I need a couple hours just to sit down and sort myself out. I’m not sure I’ll get it until, oh, the 13th. But it’s all going to be fine. I’m pretty sure.
San Francisco is lovely, EXIT is treating us very well and it’s so good to hang out with these guys again, and despite my feeling of being slightly out of control I’m also full of excitement and anticipation. So, scrambling. So, living. All of it will go on.
Crazy week from me to you! Come see the show if you’re in SF!
xoxo
Alissa
Didn’t get around to posting this yesterday morning, and last night I was writing this sitting on Dave (my excellent host)’s bed while he studied up about trombones and I tried to unwind from a good but sort of bewildering rehearsal. I think I need a new paragraph to talk about it.

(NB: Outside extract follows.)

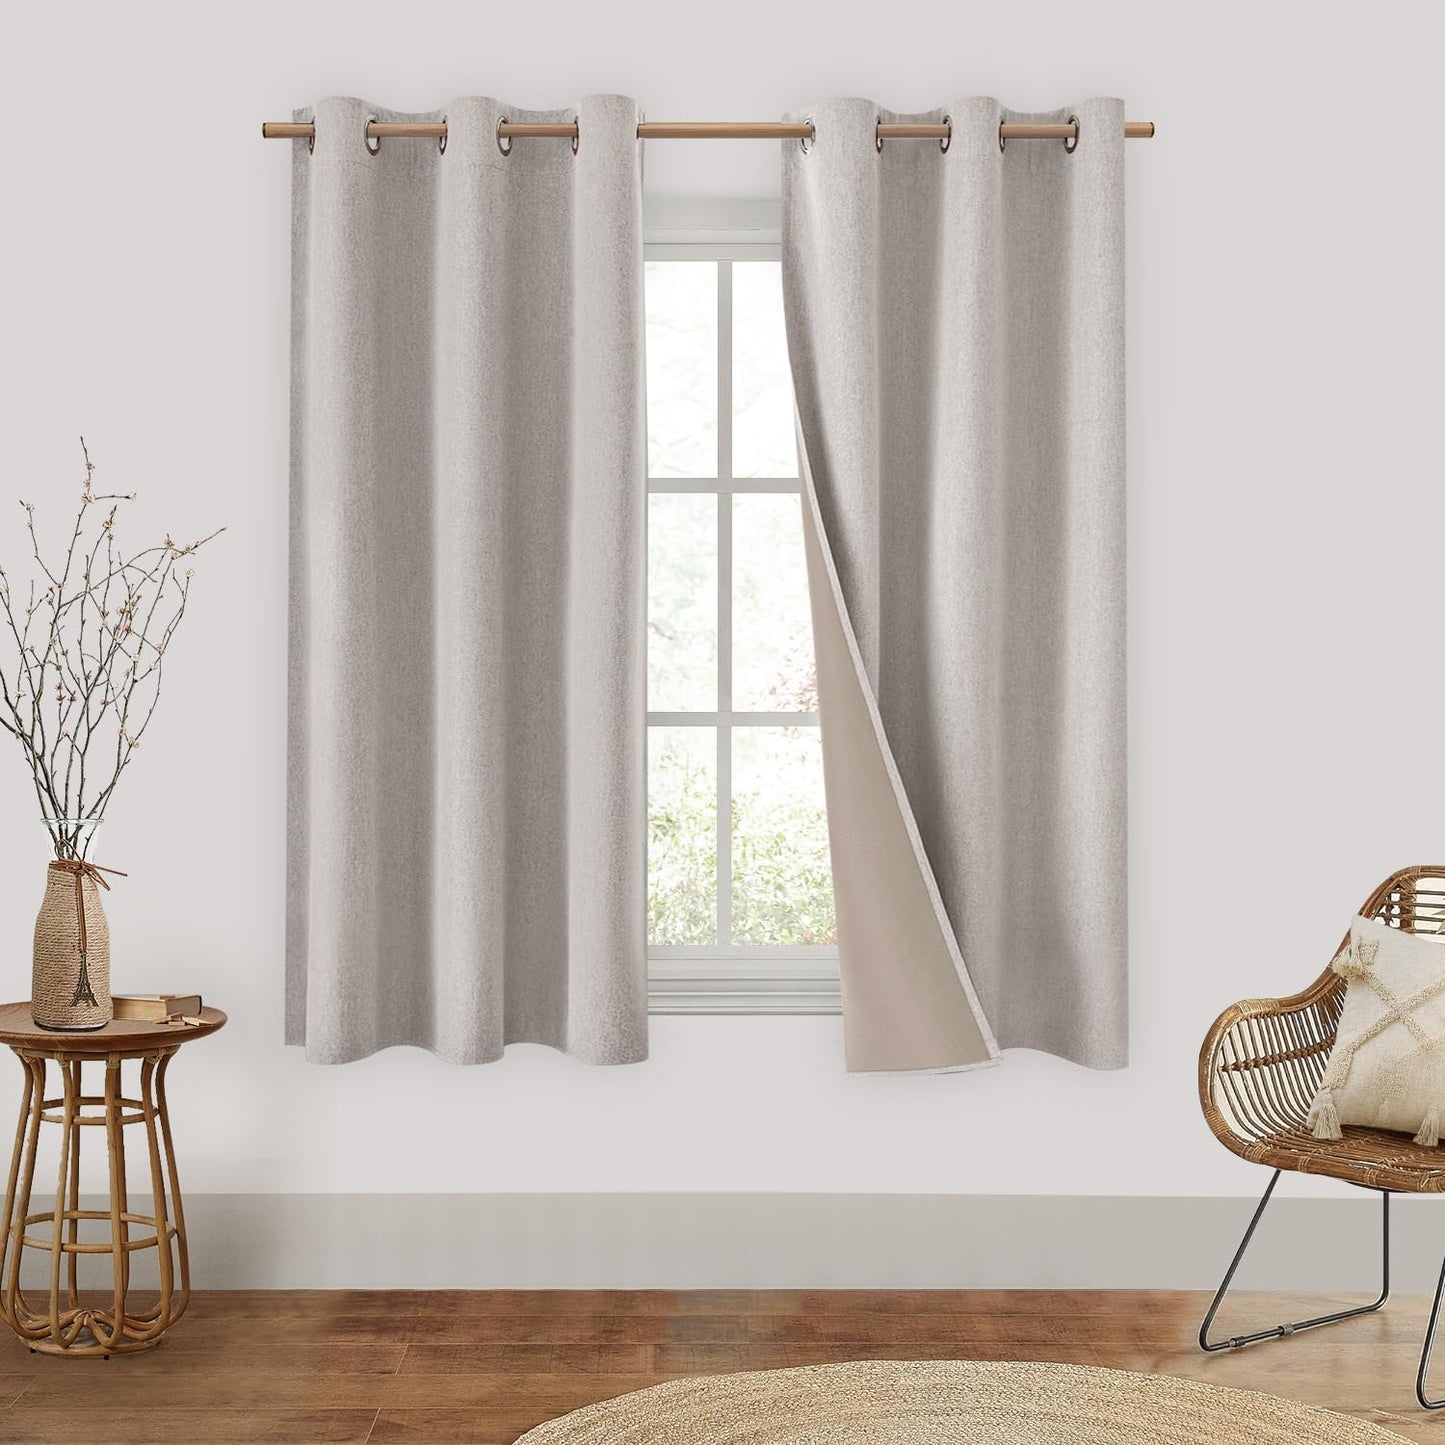 HOMEIDEAS 100% Blackout Linen Curtains for Bedroom 84 Inches Long 2 Panels Blush Pink Curtains Full Black Out Thermal Insulated Grommet Window Curtains/Drapes with Liner for Nursery  HOMEIDEAS Natural 42"W X 63"L

I have this thing, sometimes, where as an actor if I get lost in a scene, and it’s a bit overwhelming to know what to do, and maybe I’ve also been putting in long days for a while and feeling like I’m not doing everything perfectly, where I get frustrated and a little emotional. A sort of fear comes in—that I won’t get it, that I’ll be lost in these scenes forever, that they are impenetrable to me and always will be. So I got a little teary in rehearsal yesterday, to the mild consternation of my director. But something I’ve learned about myself is that when that happens, I can use my own slight panic to make a shift in the scene I’m doing. I think it was Judy Shahn, my voice teacher at UW, who first had me work through my frustration-tears, and something about crying makes some (not all) of the blocks sort of go away. So I cried a little bit, and then I made a little progress. Last night, though, I was just feeling raw. I lost my grip on the play a little, and though I found some new stuff, I haven’t really got a handhold on it as a whole again. I’m beginning to maybe acknowledge that my bizarrely frenetic happiness and excitement that’s been bubbling up inside for the last week or so has a flip side that has probably been equally present despite my denial of it. My weird calm was masking a storm I don’t want to admit to myself.
Or maybe I just got tired. What a day. I love this work; this work wears me out like a hooker’s butt wears out her jeweled thong; I don’t get this work at all; this work teaches me more about myself than Mr. Miagi taught Daniel-San.
Here’s what I saw on the T-shirts they’re selling at Guerilla Coffee: “It’s job of the artist to make the revolution irresistible.”
Wed 19 Mar 2008
Okay YES this is totally ridiculous. But my friend Jana wants, more than anything else in her whole life, to be on TV. She’s auditioning online for this reality TV show–who wants to be Paris Hilton’s bff? And apparently she’s in the top 20 girls for votes, which means she has a good shot at getting on the show. But she’s well behind the leaders at the moment.
If you have thirty seconds and a bit of compassion in your heart for a hometown girl who wants under the lights, take a moment, click this link, and vote for her! And, if you think of it tomorrow, vote again! You can vote once a day if you’re really excited for her. I am. She is…well, Jana is something else. I adore her and there’s no one quite like her and I want her to win. So.
http://parisbff.com/people/jsalamanca
Please vote.
Love!
Alissa
Mon 3 Mar 2008
Hey, photos from our poker fundraiser on leap day are here:
http://picasaweb.google.com/foolissa/NebunelePokerNightFeb2908
It was a smashing success. Thank you everybody who helped make it happen, and those who came and made it fun!